LSP and the Minnesota Institute for Sustainable Agriculture (MISA) have developed a Farm Transitions Toolkit for this purpose which can be accessed by calling 800-909-6472 or at www.landstewardshipproject.org/farmtranstionstoolkit. The Toolkit “contains resources, links to services and practical calculation tables to help landowners establish a commonsense plan for farm transitions.” MISA executive director Helene Murray says, “The target audience for the Toolkit is those people who want to pass their farm on in a way that supports healthy rural communities, strong local economies and sustainable land stewardship. Too often retiring farmers or people who find themselves in possession of family land feel pressured to make decisions that go against their own values. The Toolkit can help people align those values with the decisions they make as far as their land’s future is concerned.” (12)

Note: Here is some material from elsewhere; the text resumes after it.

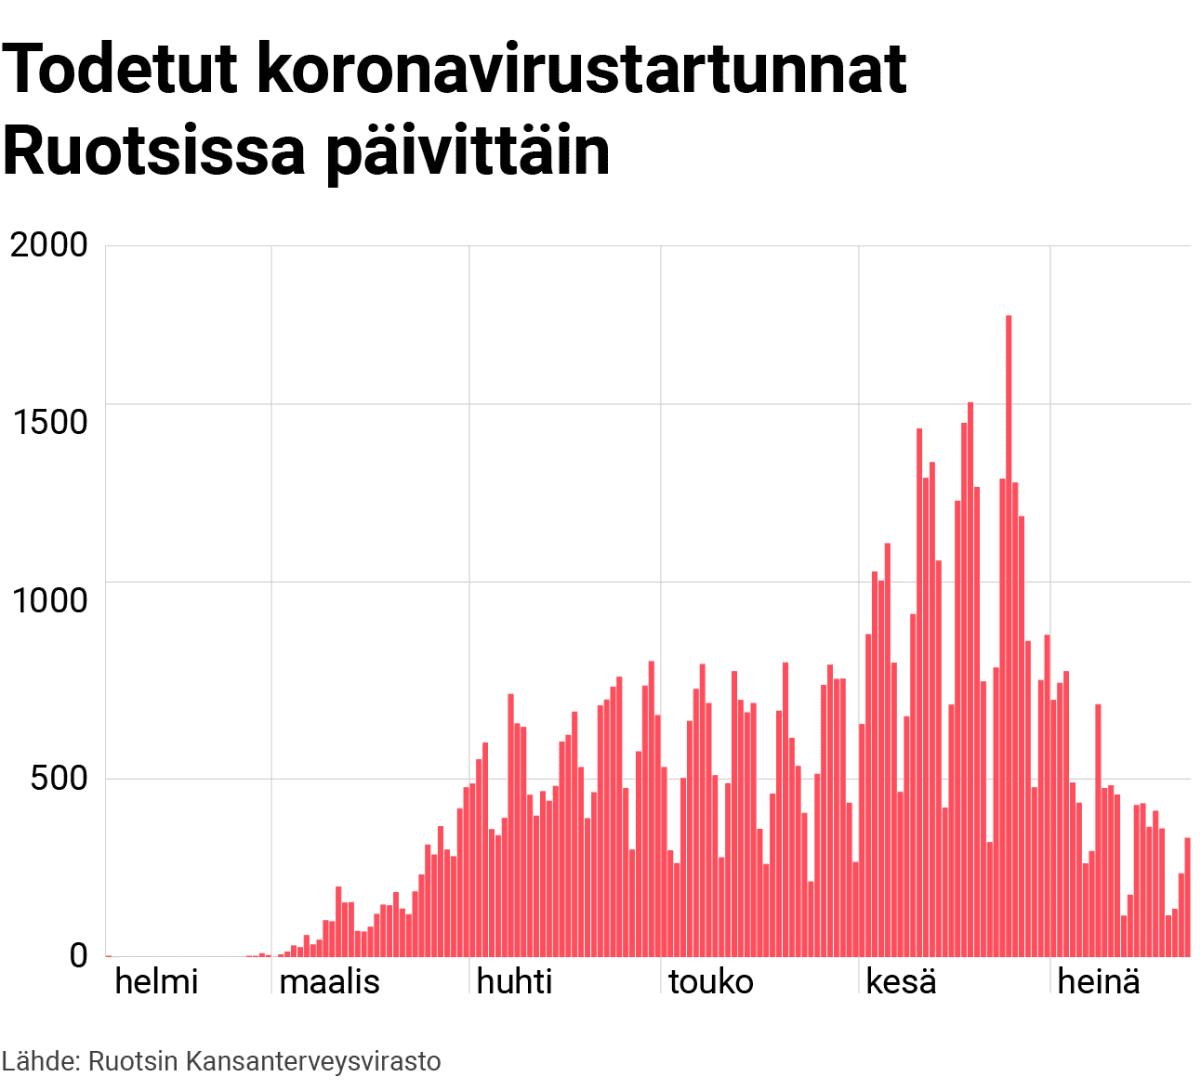 Grafiikka: Todetut koronavirustartunnat Ruotsissa päivittäin

“FarmLASTS Project is a national research, education and extension project funded by the USDA National Research Initiative. In 2010, FarmLASTS produced a special report on farmland success, succession, tenure, and stewardship.” (3) Here are some of the findings.

  • Over the next two decades, 70 percent of the nation’s farms will change hands.
  • Two-thirds of retiring farmers have not identified successors.
  • Ninety percent of farm owners neither had an exit strategy nor knew how to develop one.
  • Only three percent of farmland buyers are new farmers.
  • Four percent of farmland owners own nearly half the land.
  • In 2002, 34 percent of farmland owners in Iowa were investors, double the proportion in 1989.
  • Over 40 percent of U.S. farmland is rented. (3)

These statistics confirm that there is indeed a “big land grab” going on in the United States. The same trends are occurring locally. A study I did in 2009 on the sixteen square miles surrounding the Salem Mennonite Church in Childstown Township showed that the land was owned by 84 property owners. Seventy-six of these parcels were farmland properties, with 55.3 percent being farmed by local farmland owner/operators, though not all of these farmers resided on these properties. This means that 44.7 percent of the parcels were rental properties. Half of these farmland owners were non-resident landlords, usually heirs of the family farms on which they had grown up.

In this study I did not correlate the ages of the farmland owners and operators who owned and worked this land. Anecdotal evidence would indicate that many of these farmland owners were near or over retirement age. Quite apart from questions about the types of agricultural enterprises involved, the future of this rural community depends in large measure on whether these farmland owners will choose to transition their land to a new generation of local farmers, or whether the trend toward corporate ownership of land fostered by investors and misguided government policies will continue.